Police in France are closing the net on a spate of crypto kidnappings, with officers in Lyon arresting 12 people accused of orchestrating an August attack.
The arrests come after a daring police raid freed a 22-year-old Swiss man from a four-day ordeal at the hands of a gang that demanded a ransom paid in crypto, the French media outlet France Info reported.
“The arrests are the result of several months of investigations,” police said in a statement on Wednesday. “These have helped us to identify and implicate, to varying degrees, around 20 additional individuals.”
The development comes amid a sharp rise in crypto kidnappings in France.
Detectives in Versailles are this week hunting a gang of three people suspected of posing as police officers before pulling a knife on a couple and forcing them to send them $1 million worth of Bitcoin.
Experts warn that crypto kidnappings and other types of wrench attacks are on the rise everywhere in the world, with at least 55 cases reported globally last year.
Police have withheld many of the details of the kidnapping as they continue their investigations. An unnamed source close to the probe told the media outlet that the Swiss man was known to have crypto holdings, though no details have been revealed about their value.
The victim, a resident of the Swiss canton of Vaud, was “seriously mistreated and injured” during his four-day ordeal, a Swiss police spokesperson said.

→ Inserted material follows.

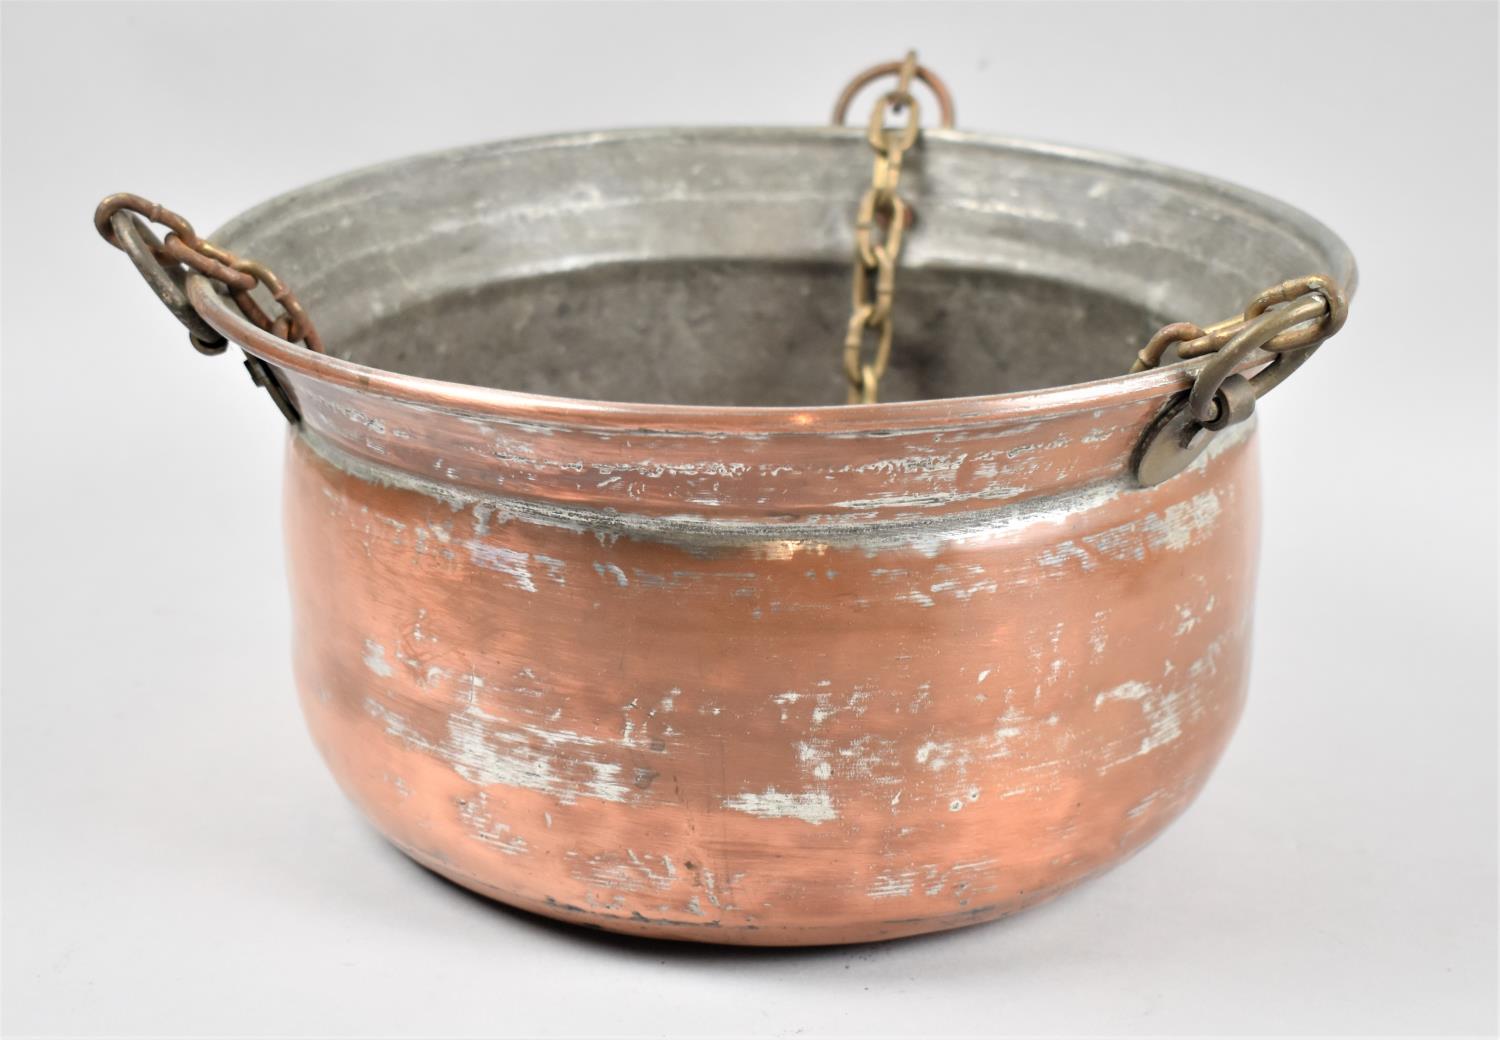 A Copper Hanging Planter with Chains, 25cm Diameter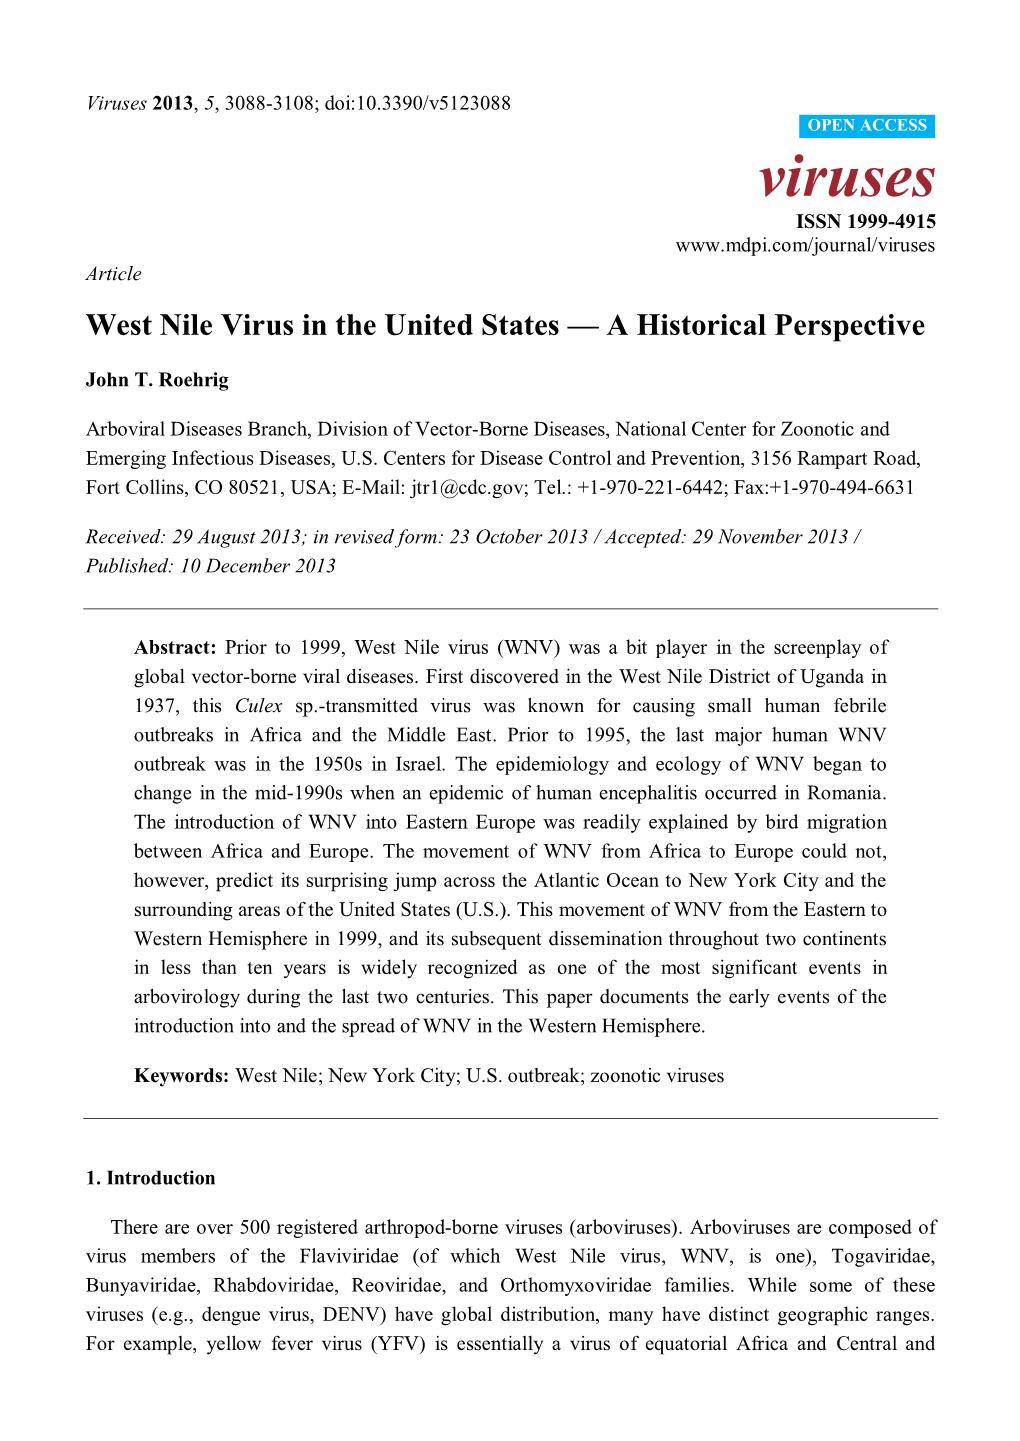 West Nile Virus in the United States — a Historical Perspective

The operation to free the man was orchestrated by the Lyon prosecutor’s office in late August.
The raid saw around 150 heavily armed military personnel storm a building near Valence train station in the Drôme region on August 31.
Officers arrested one of the kidnapping’s masterminds at the scene, as well as two other individuals.
In early September, police made seven further arrests. All seven suspects hail from Valence, and one was under 18. The remainder were all aged between 24 and 30 years and were all “known to the police,” officers said.
Prosecutors have indicted all of these individuals on charges of kidnapping, confinement, organised crime, extortion, illegal possession of weapons, and conspiracy to commit an aggravated crime.
Police followed up with another large-scale operation conducted on March 2, which resulted in the arrest of 18 people, three of whom were remanded in custody.
French police handled 40 cases of crypto-related kidnapping between July 2023 and the end of 2025. Detectives say many of these attacks were organised by overseas-based criminal groups.